Embora todas as pessoas com TEA partilhem essas dificuldades, o seu estado irá afetá-las com intensidades diferentes. Assim, essas diferenças podem existir desde o nascimento e serem óbvias para todos; ou podem ser mais sutis e tornarem-se mais visíveis ao longo do desenvolvimento. O autismo é uma condição permanente, a criança nasce com autismo e torna-se um adulto com autismo.

O autismo pode ser associado com deficiência intelectual, dificuldades de coordenação motora e de atenção e, às vezes, as pessoas com autismo têm problemas de saúde física, tais como sono e distúrbios gastrointestinais e podem apresentar outras condições como síndrome de deficit de atenção e hiperatividade, dislexia ou dispraxia. Na adolescência podem desenvolver ansiedade e depressão.

Adentrando á ótica espírita, podemos perguntar, por que nasceriam crianças assim, encontraremos entre diversas respostas na codificação a questão 373 do O Livro dos Espíritos:

Pergunta: Qual será o mérito da existência de seres que, como os cretinos e os idiotas, não podendo fazer o bem nem o mal, se acham incapacitados de progredir?
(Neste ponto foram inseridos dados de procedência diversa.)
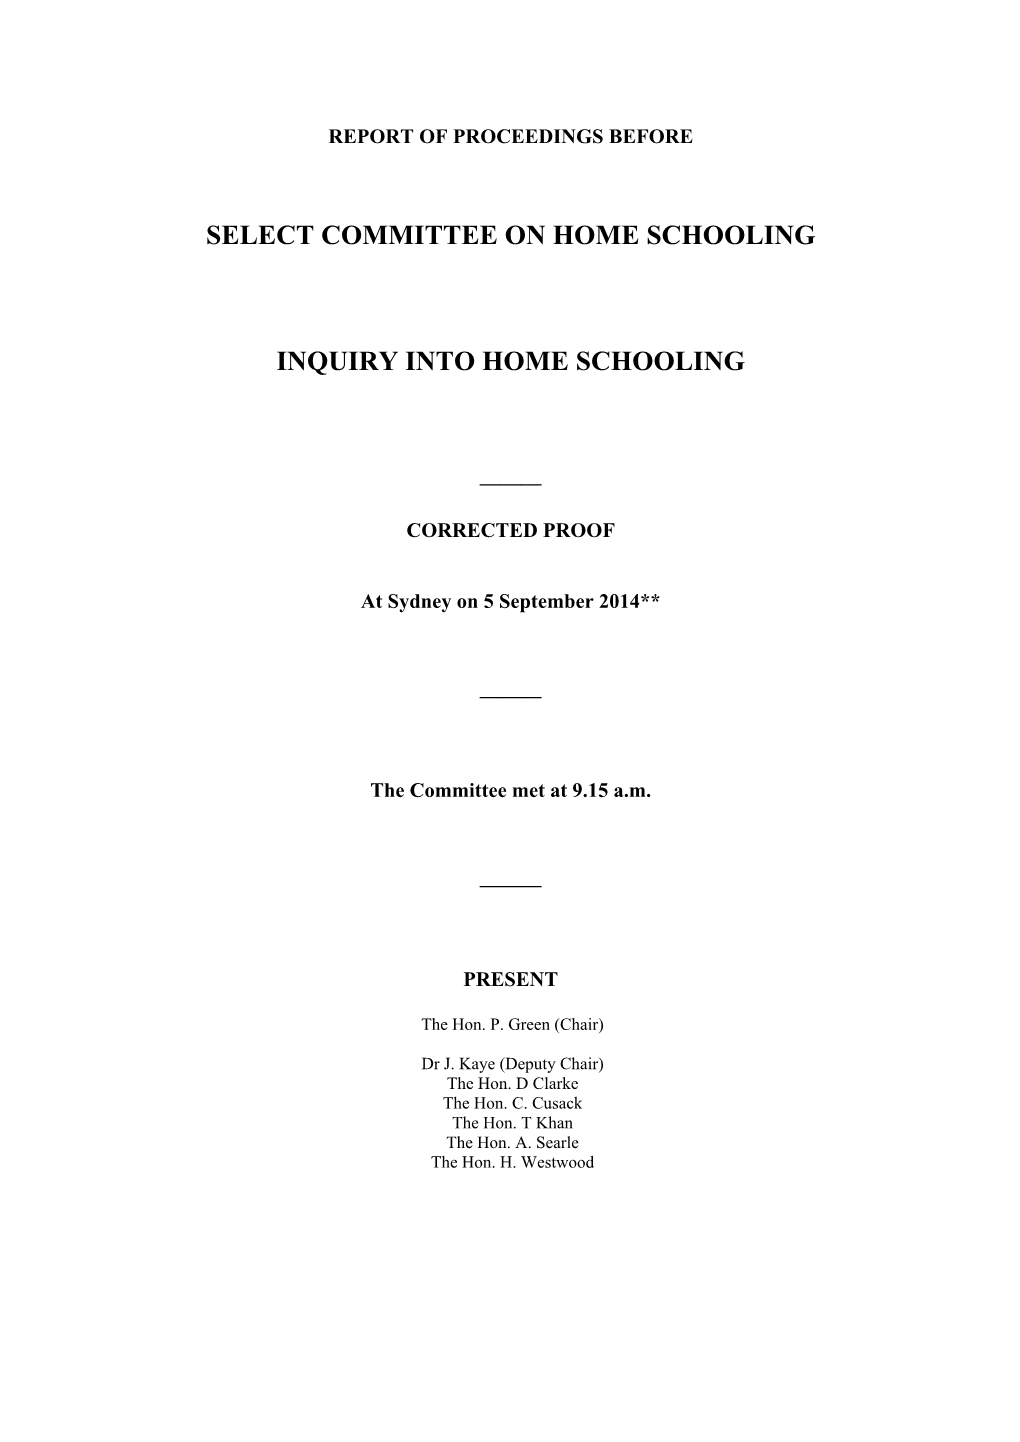 Select Committee on Home Schooling Inquiry Into Home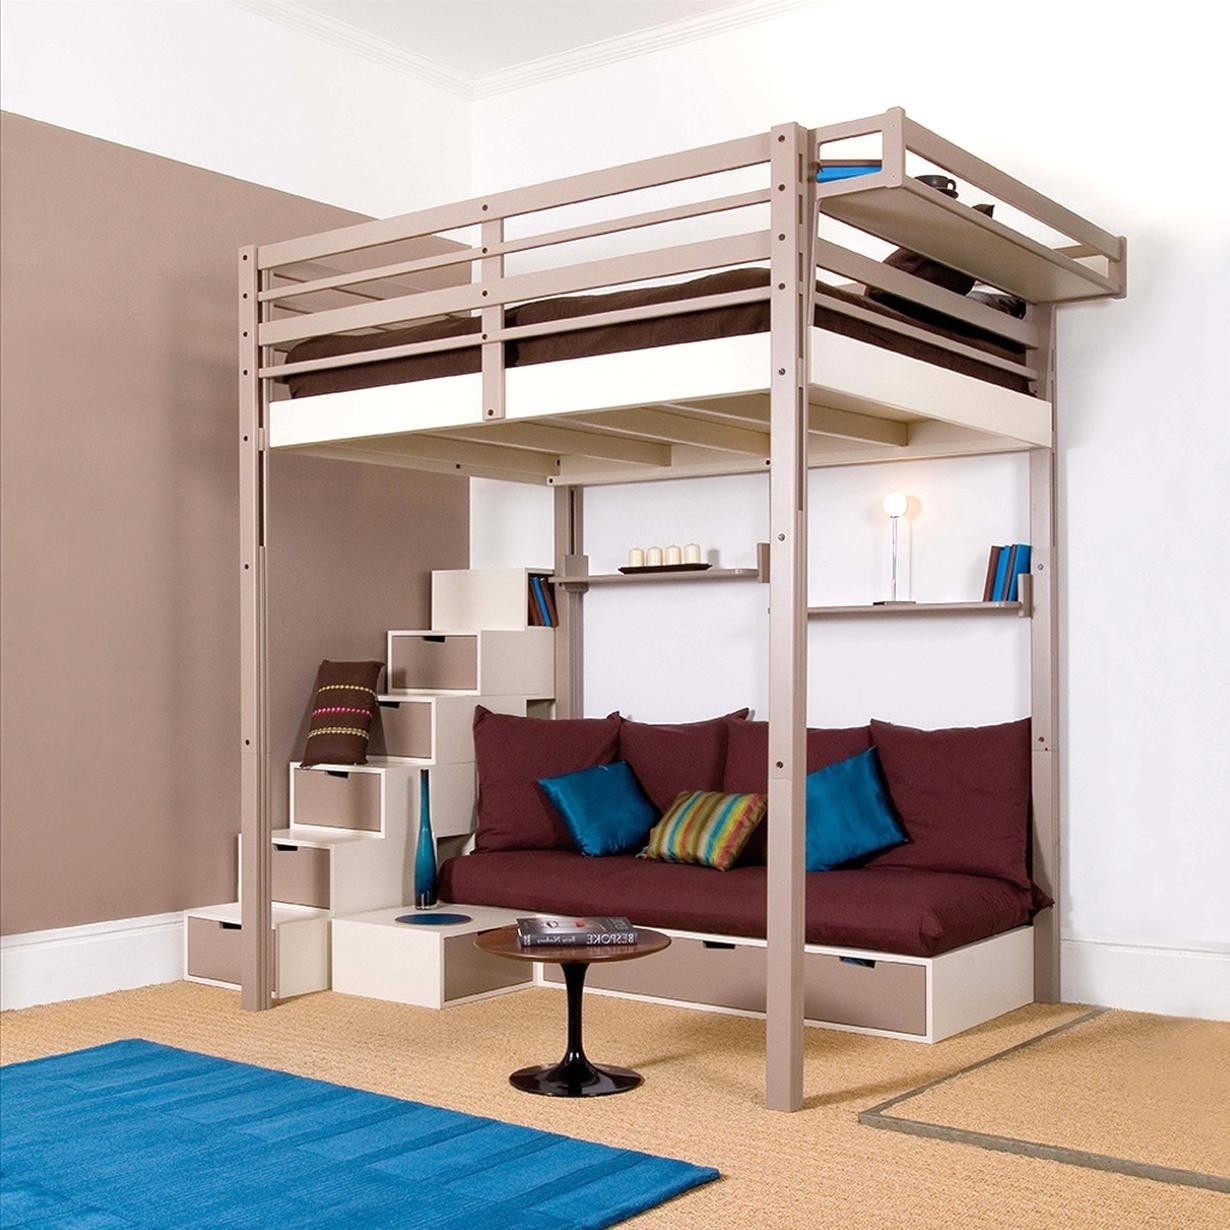 Full Size Loft Bed With Stairs Visualhunt, Bunk Bed Plans With Stairs

Resposta: É uma expiação decorrente do abuso que fizeram de certas faculdades. É um estacionamento temporário.

E complementa no item “a” da mesma questão:

Pergunta: Pode assim o corpo de um idiota conter um Espírito que tenha animado um homem de gênio em precedente existência?

Resposta: Certo. O gênio se torna por vezes um flagelo, quando dele abusa o homem

Na questão 374 mostra-nos a consciência do espírito:

Pergunta: Na condição de Espírito livre, tem o idiota consciência do seu estado mental?

Resposta: “Frequentemente tem. Compreende que as cadeias que lhe obstam ao voo são prova e expiação.

E nos brinda com a 375 item “a”:

Pergunta: Então, o desorganizado é sempre o corpo e não o Espírito?

Resposta: Exatamente; mas, convém não perder de vista que, assim como o Espírito atua sobre a matéria, também esta reage sobre ele, dentro de certos limites, e que pode acontecer impressionar-se o Espírito temporariamente com a alteração dos órgãos pelos quais se manifesta e recebe as impressões.  Pode mesmo suceder que, com a continuação, durando longo tempo a loucura, a repetição dos mesmos atos acabe por exercer sobre o Espírito uma influência, de que ele não se libertará senão depois de se haver libertado de toda impressão material.

Existe uma obra da autora Vera Lúcia Marinzeck, que fala muito bem sobre isso, chama-se Deficiente Mental – Por que Fui Um:

doença mental e espiritismo 2

Deus não é justo? Ou, às vezes, não O entendemos por não compreender os que acontece conosco ou com os entes queridos que amamos? Por que existem deficientes? Acaso? Seres imperfeitos? Ou é a bondade do Pai nos dando a oportunidade, pela reencarnação, de nos equilibrarmos ou repararmos erros de outras existências?

Espíritos que estiveram encarnados com deficiência mental narram suas experiências, o que sentiram no corpo limitado, suas desencarnações e o que encontraram no plano espiritual. Enfim, por que foram deficientes.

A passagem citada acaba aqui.